Üretim malzemesi bir kalem, bir kâğıttan ibarettir. 
Oysa müzik yapmak için en az bir enstrüman gerektir. 
Resim yapmak için boya, fırça, tuval paranız olmalı. 
Sinema yapacaksanız kamera, fotoğraf çekecekseniz bir fotoğraf makinesi...
Dediğimiz gibi, şiir, maliyeti en az olan bir sanat dalı. 
Ama Türk edebiyatında bir şiir var ki, şairine bir küçük servete mal olmuştur:
Yahya Kemal'in "Endülüs'te Raks" şiiri!
Üstat, Madrid'e geleli beri o ünlü İspanyol raksını izlememişti. 
Merak da ediyordu. 
İspanyalı bir zengin dostuna bundan söz açtı. 
Büyük arazi sahibi olan Marki lakaplı dostu, bunu kendine görev edindi. 
O da zevk ehli bir kişiydi zaten. 
"İspanyol raksını izlemek için Endülüs'e gelebilir misiniz?" diye sordu.
Yahya Kemal hemen benimsedi bu çağrıyı. 
Aralarında gün kararlaştırdılar. 
Sonra da kalkıp Endülüs'te, Ceres'e gitti. 
Ceres denen yerde büyük çiftlikler, üzüm bağları vardır; bol bol şarap üretilir.
Marki, konuğunun onuruna güzel kadınlar çağırmıştı. 
Üç güzel kadın, onur konuğunun önünde raksa başladı. 
İçlerinden birinin raksı olağanüstüydü! 
Yahya Kemal bu kadının hem güzelliği hem de raksı karşısında adeta büyülenmişti! 
Oturduğu yerde oturamıyordu dense yalan olmaz.
Şairin aklına üç sözcük düştü o an: Zil, şal ve gül.
Bunları şiir haline getirmekten; "Evvela korktum!" diye anlatacaktı. 

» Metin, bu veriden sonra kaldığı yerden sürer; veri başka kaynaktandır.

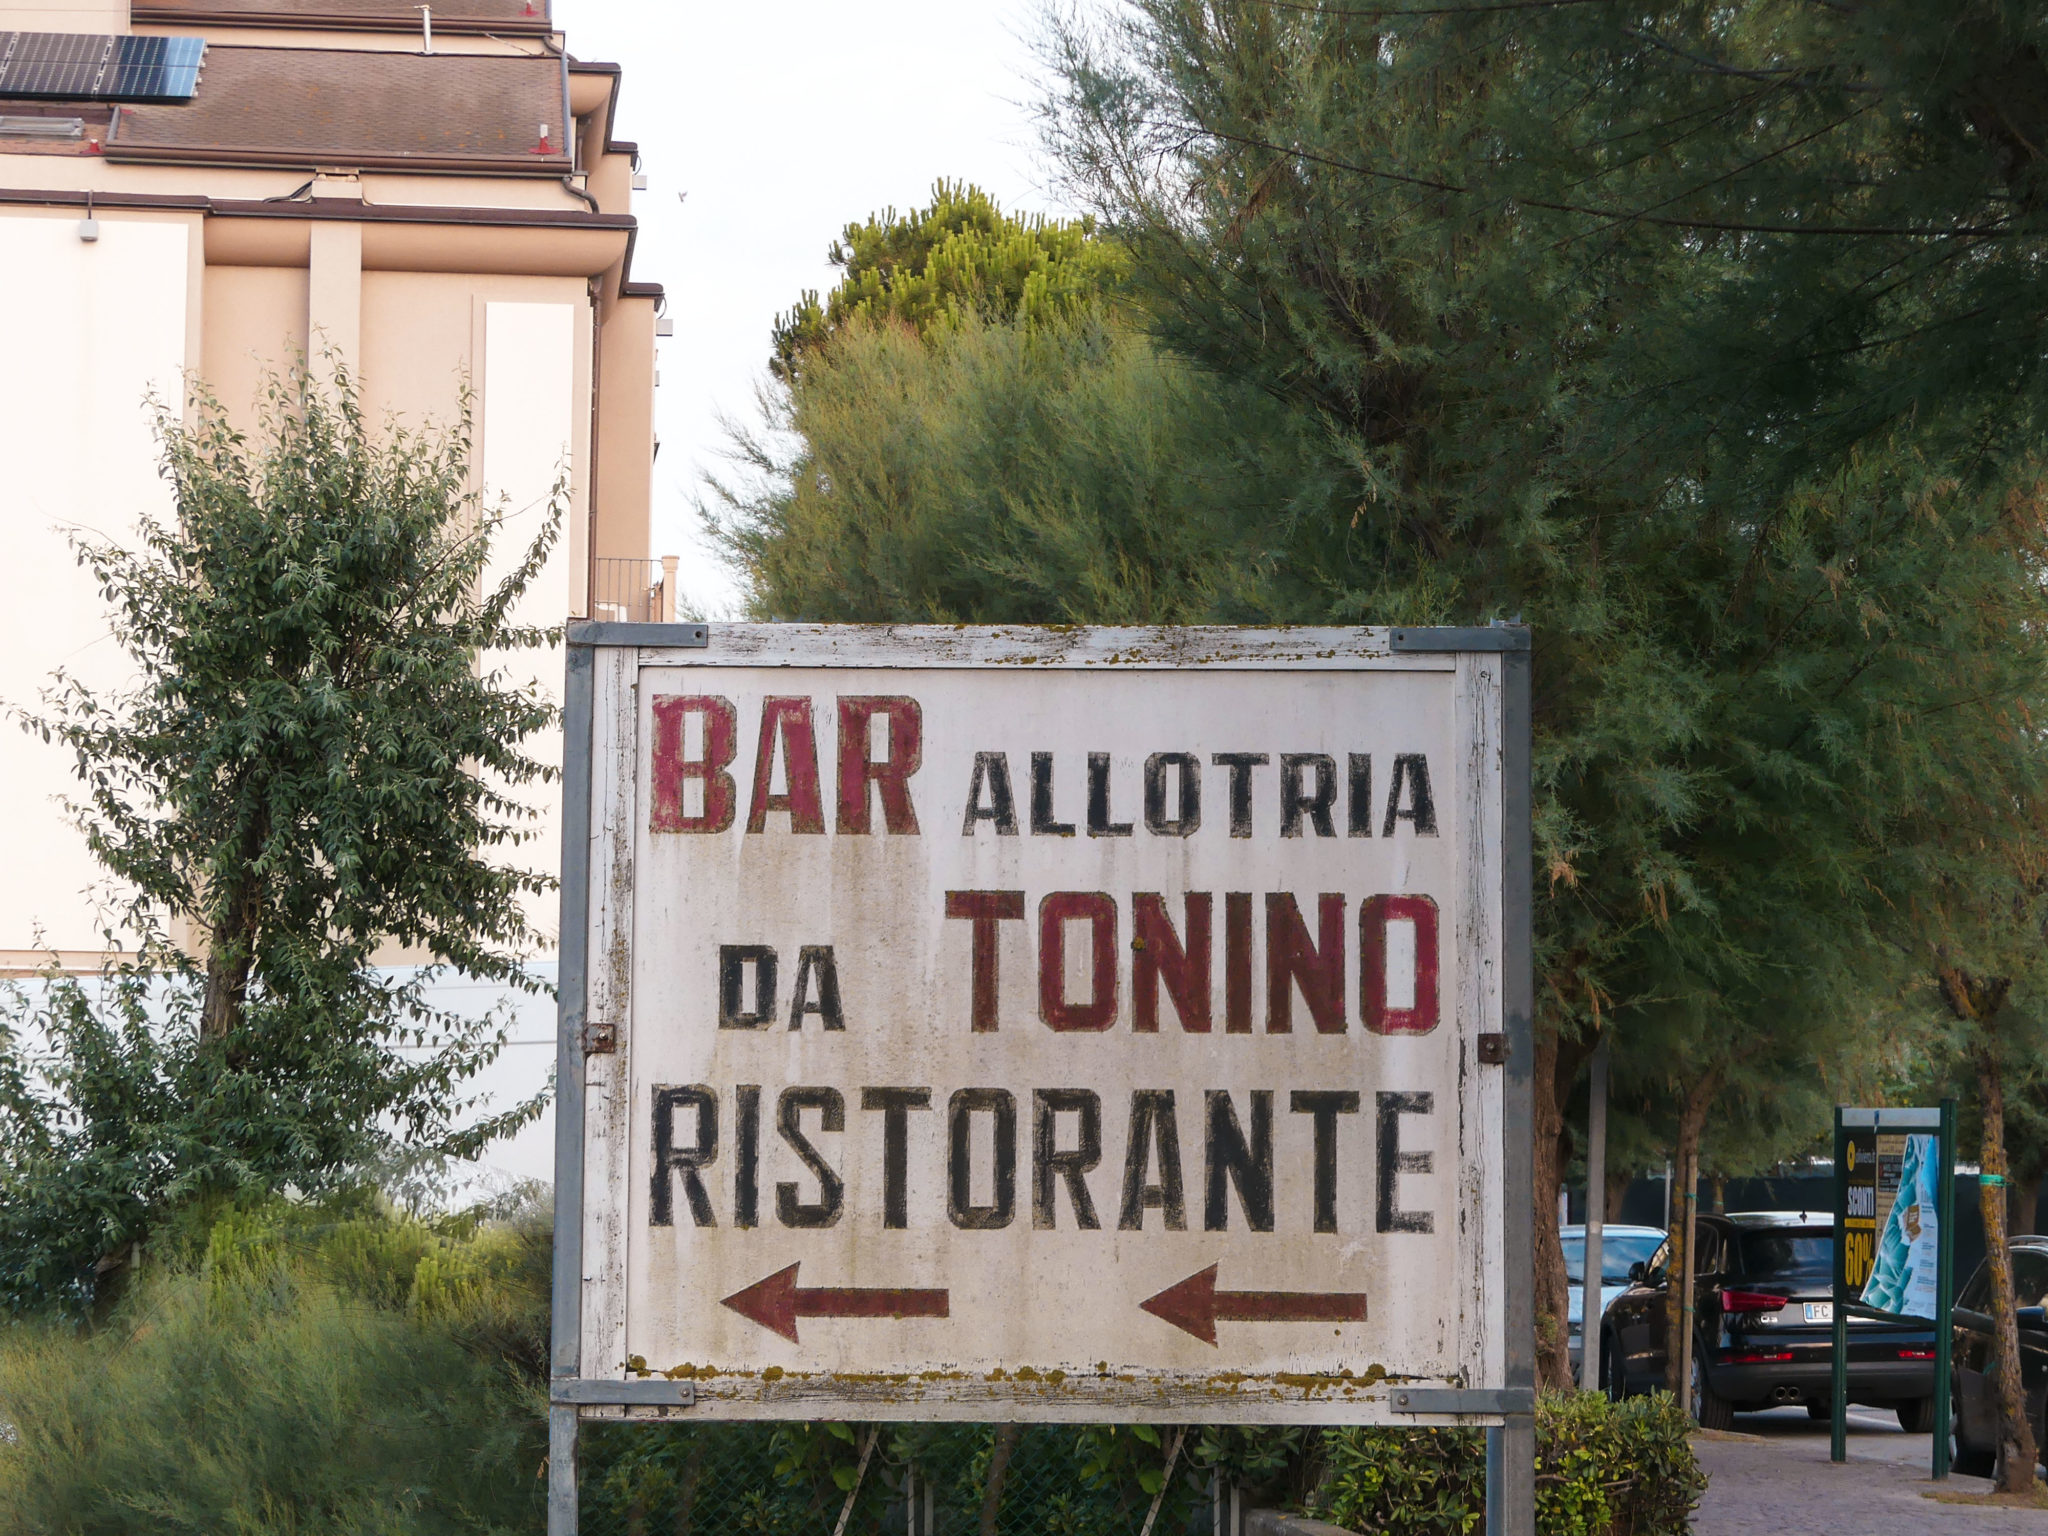 Allotria, Zamarèn e Gher: 3 osterie di mare a Riccione. Ci siamo fatti raccontare dai gestori le loro storie, e i loro piatti
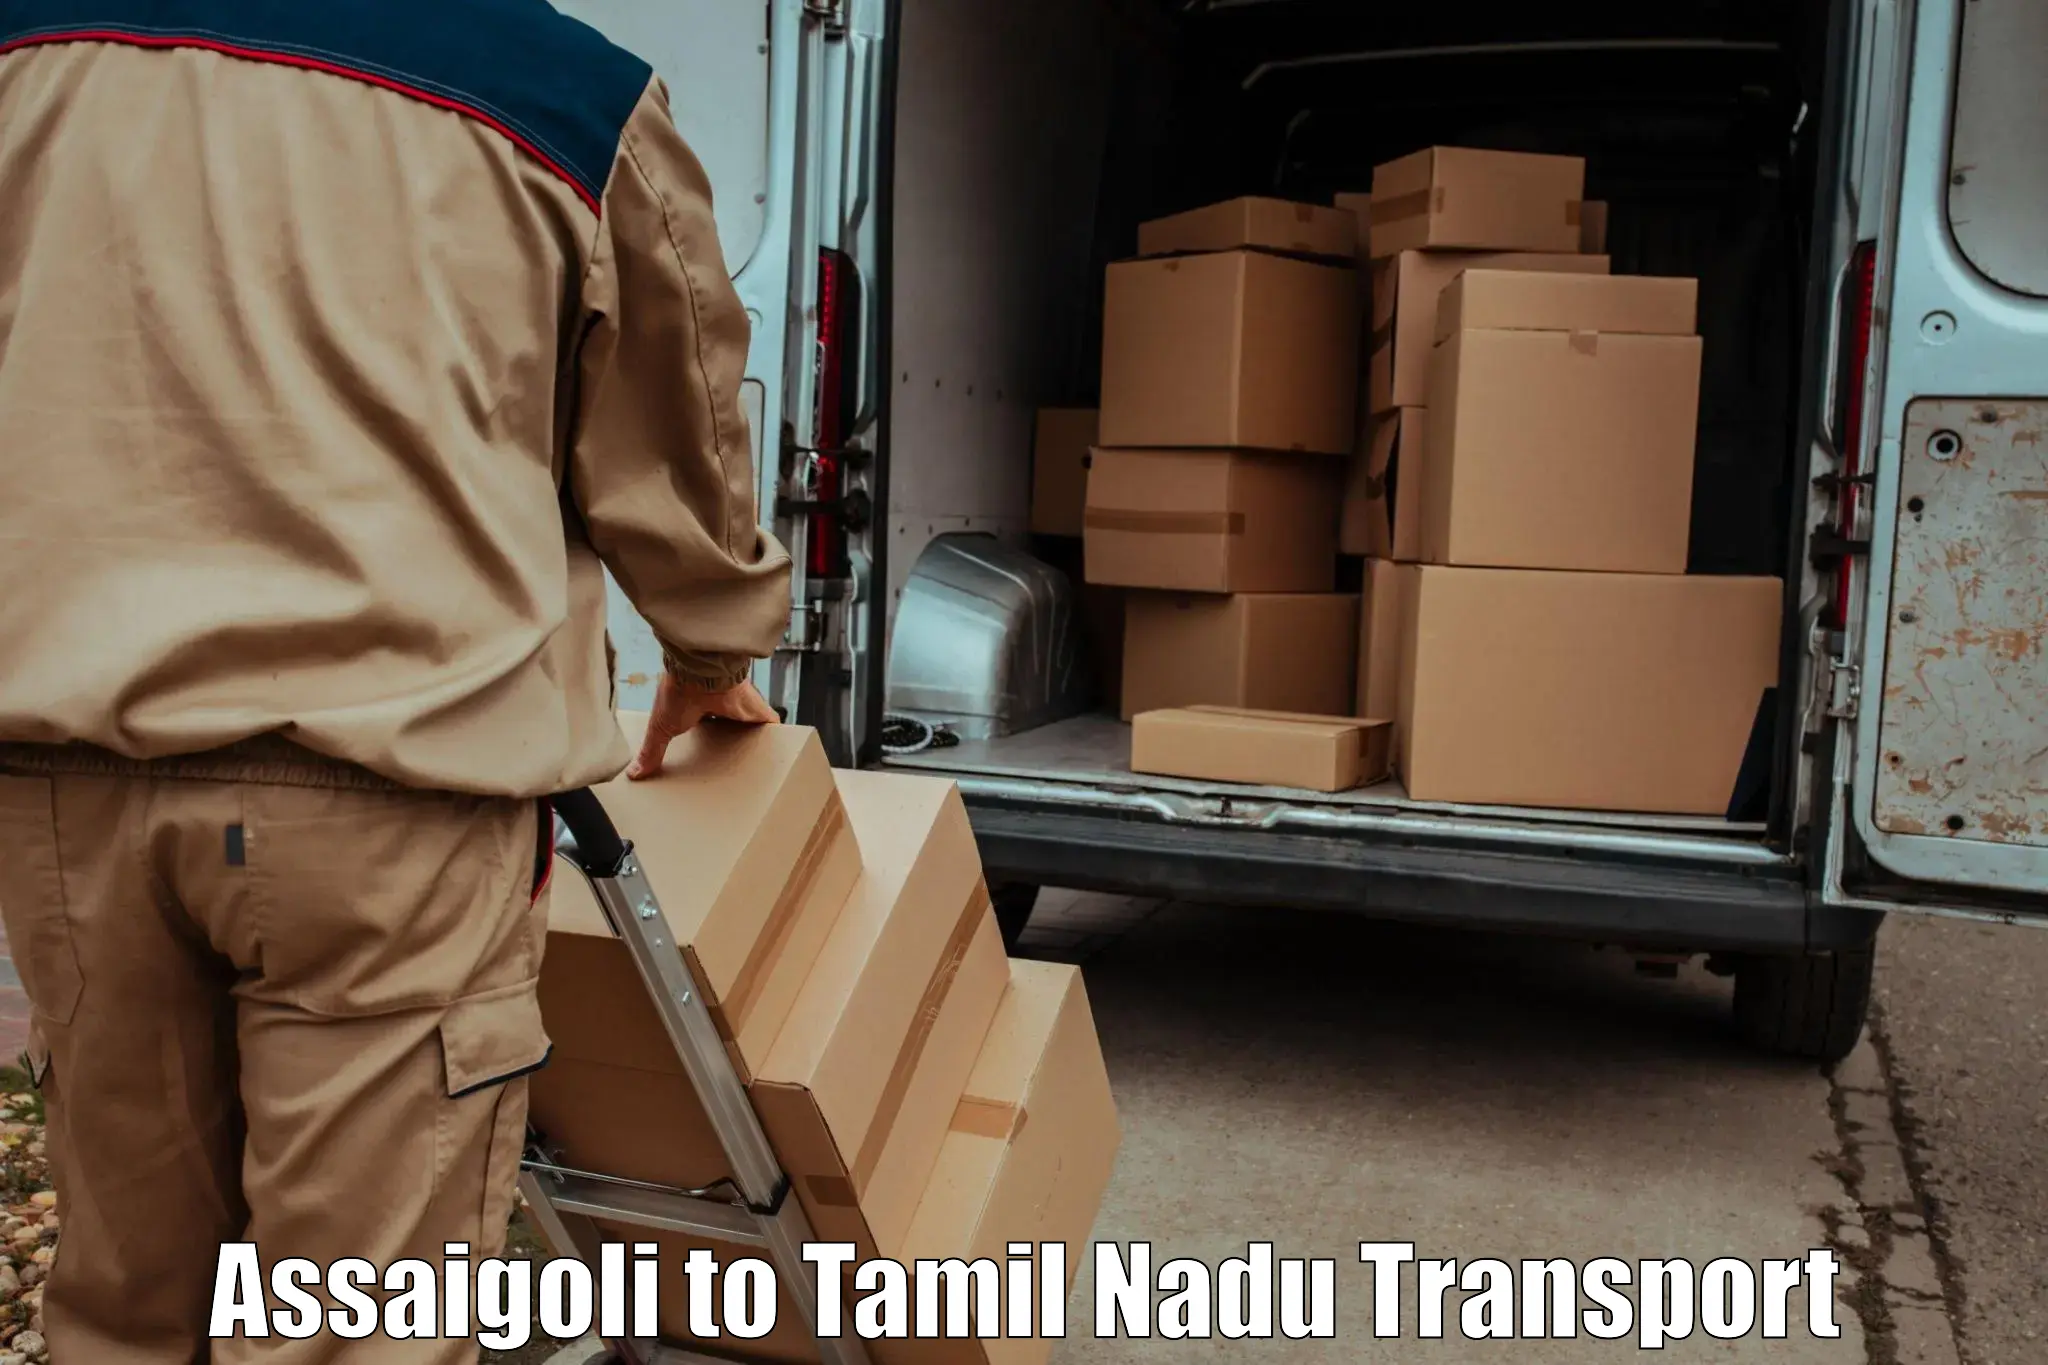 Pick up transport service Assaigoli to Tiruchirappalli

"Fakat sonradan o kadar hoşuma gitti ki, mısralar kendi kendine geldi".
Bu şiiri ona esinleyen gece, bahşişleriyle birlikte, tam iki bin liraya mal oldu. (Dikkat buyurun, 1930'ların iki bin lirası! İstanbul'da bir apartman satın almak mümkündü.)
Şiir, 1933'te biter. 
Yayımlanması için 1948 yılını bekler. "Aile" dergisinde.
Ha, diyeceksiniz ki, bir de bedeli şairinin hayatı olan şiirler vardır.
Elbette, o da ayrı konu.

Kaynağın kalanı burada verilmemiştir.